Urban Planning, Evolution and Modern-day Issues
The end of an Utopia?
Chandigarh was planned by Le Corbusier as a CIAM (Congrès International d’Architecture Moderne) city. The CIAM was a group of architects and urban planners who formulated rules for an ideal city for the modern age in the so-called Athens Charter. In brief, the CIAM city divided human functions into work, living and leisure, and the city in its strict zoning of functions was to reflect this division of human life into cycles.
At the time, the CIAM charter was designed to rid cities of the post-Industrial Revolution overcrowding and inhuman conditions which had characterized many European and American cities of the late 18th and early 19th centuries. The CIAM city called for ample space, light and green areas, and stressed on the need to lead a dignified human existence.
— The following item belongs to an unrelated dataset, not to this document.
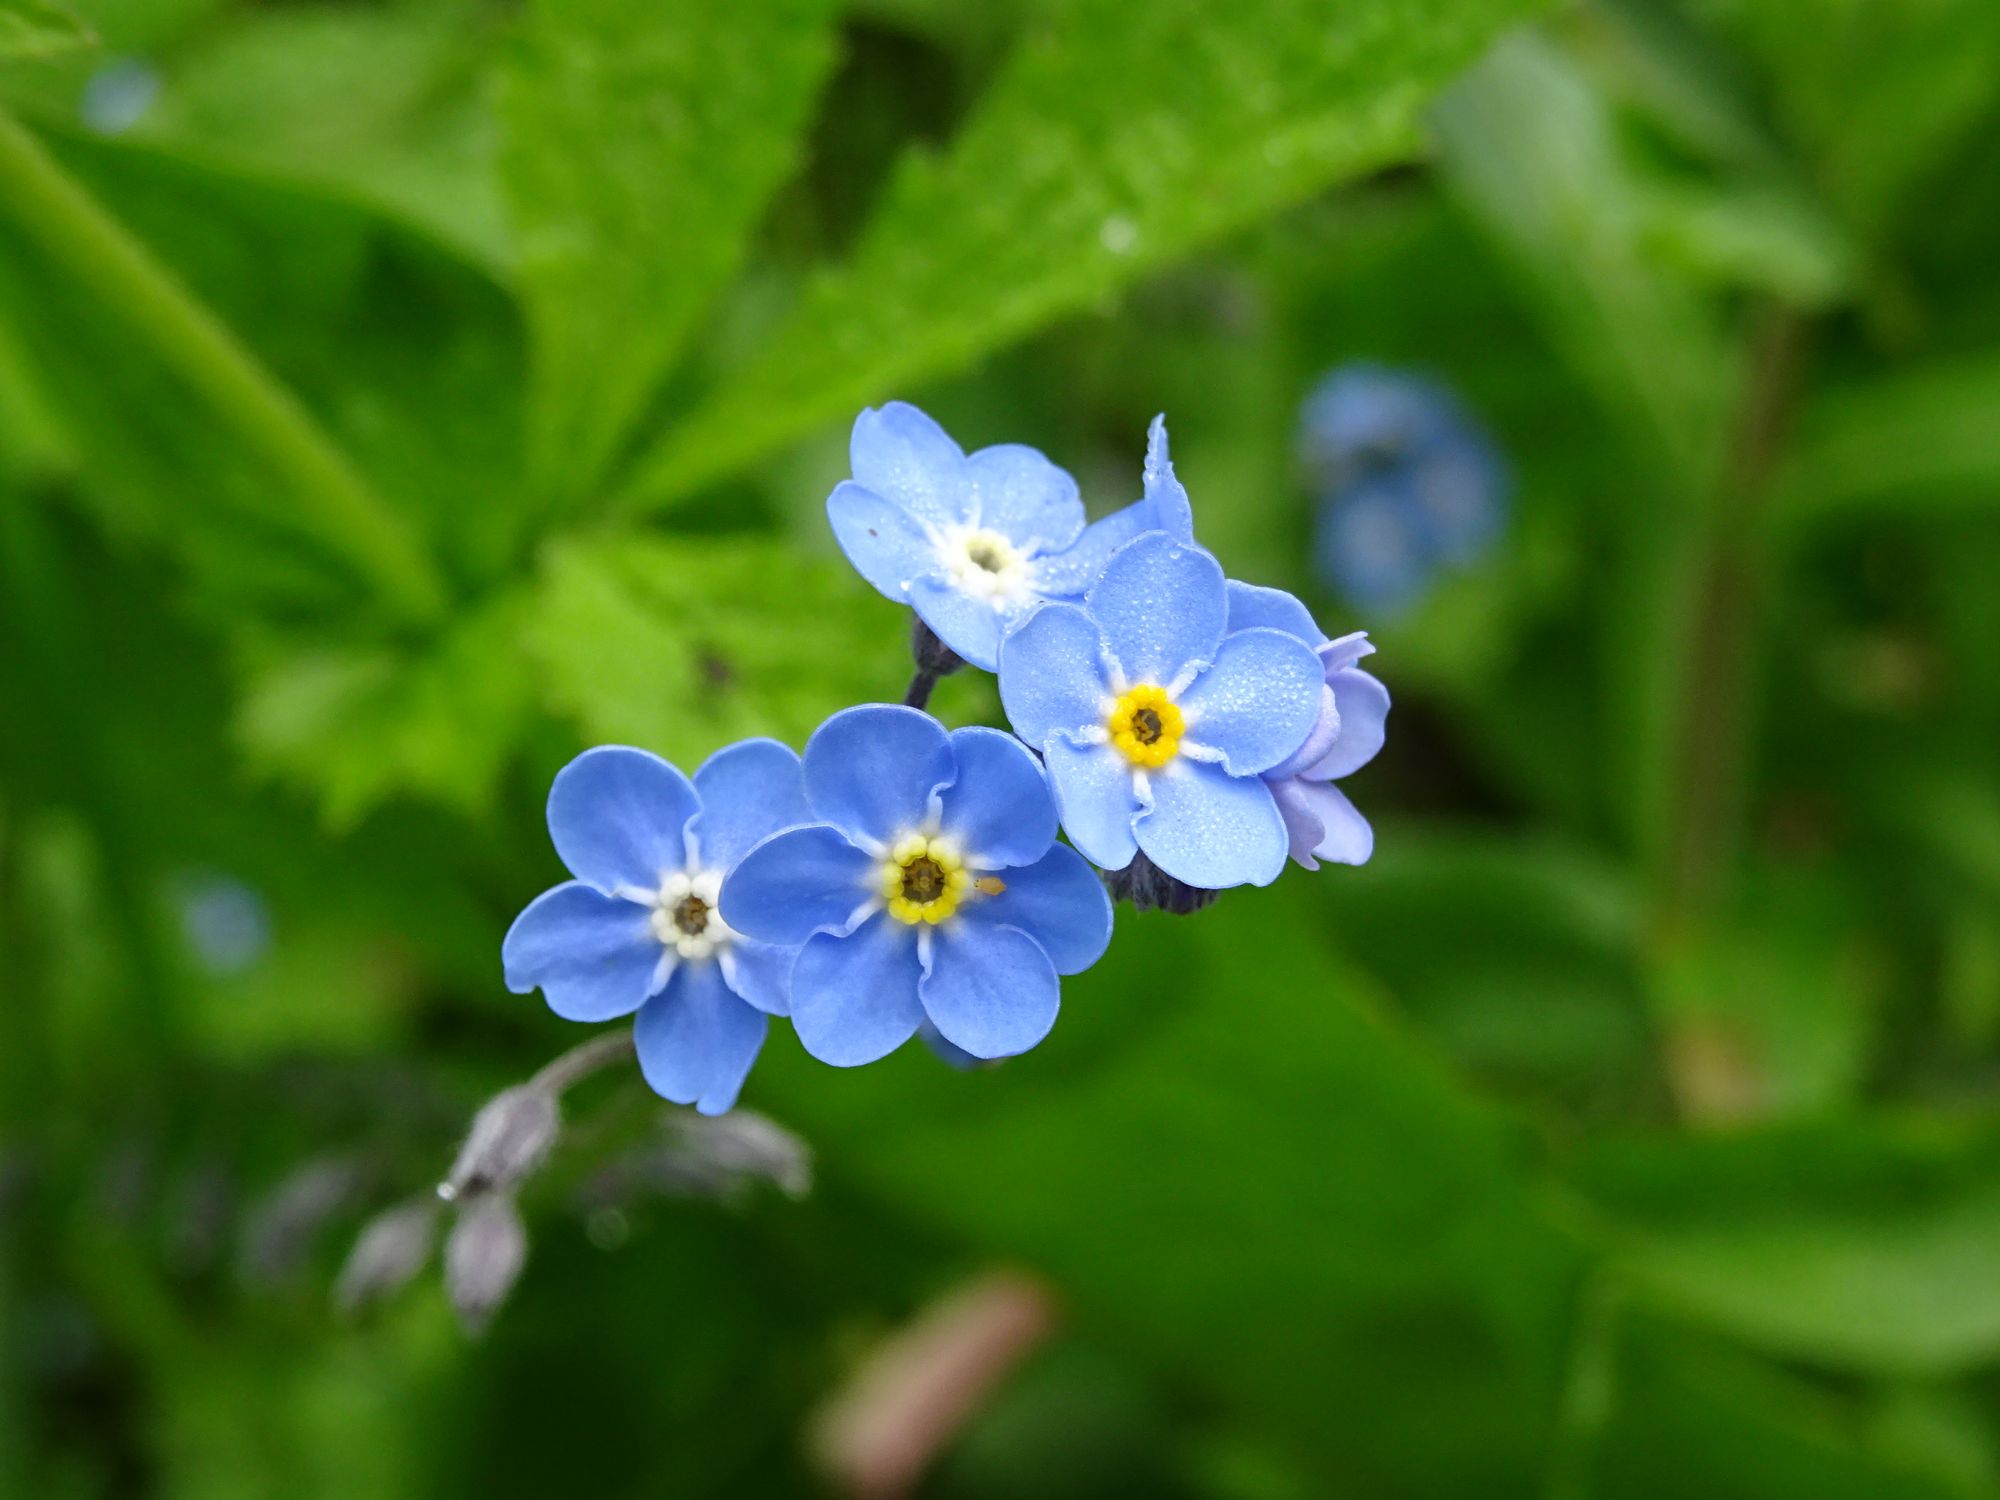 Forget-me-not flowers: small blue flowers with yellow centres against a green leafy background

That the modern age also meant a new moral order was implicit in the CIAM charter, as well as the fact that architecture and urbanism could be the tools by which this new order could be brought about. "Urbanization cannot be conditioned by the claims of a pre-existent aestheticism; its essence is of a functional order… the chaotic division of land, resulting from sales, speculations, inheritances, must be abolished by a collective and methodical land policy."
In its egalitarianism, the CIAM city responded well to the needs of a new capital city of modern India and dovetailed neatly with the founding principles liberty and equality of the new republic. Chandigarh answered to two agendas: CIAM on the one hand and the new India on the other, and was supposed to represent the best of both.
Sector 17, Chandigarh (c) IJS Bakshi
In its wide avenues and streets, its green spaces running right through the heart of the city, its socialist bent to housing design, Chandigarh was right from the start very different from existing Indian city cores. That this difference existed not only on paper but also in reality was apparent from a visit to the city – its stark emptiness and apparently over-scaled spaces were reminiscent more of a ghost town than a living, breathing organism.
This has all changed today, and with startling rapidity. Designed for a population of 500,000, Chandigarh today is the cultural, commercial, administrative and educational centre of north India, second in importance only after Delhi. India Today, in a survey, ranked Chandigarh as the richest of Indian cities (on the basis of per capita income). Traffic jams and debates on pollution are now increasingly a common feature of the cleanest Indian city. Slums, squatters and filth, once thought to be the preserve of ‘other’ cities, are no longer strangers to Chandigarh.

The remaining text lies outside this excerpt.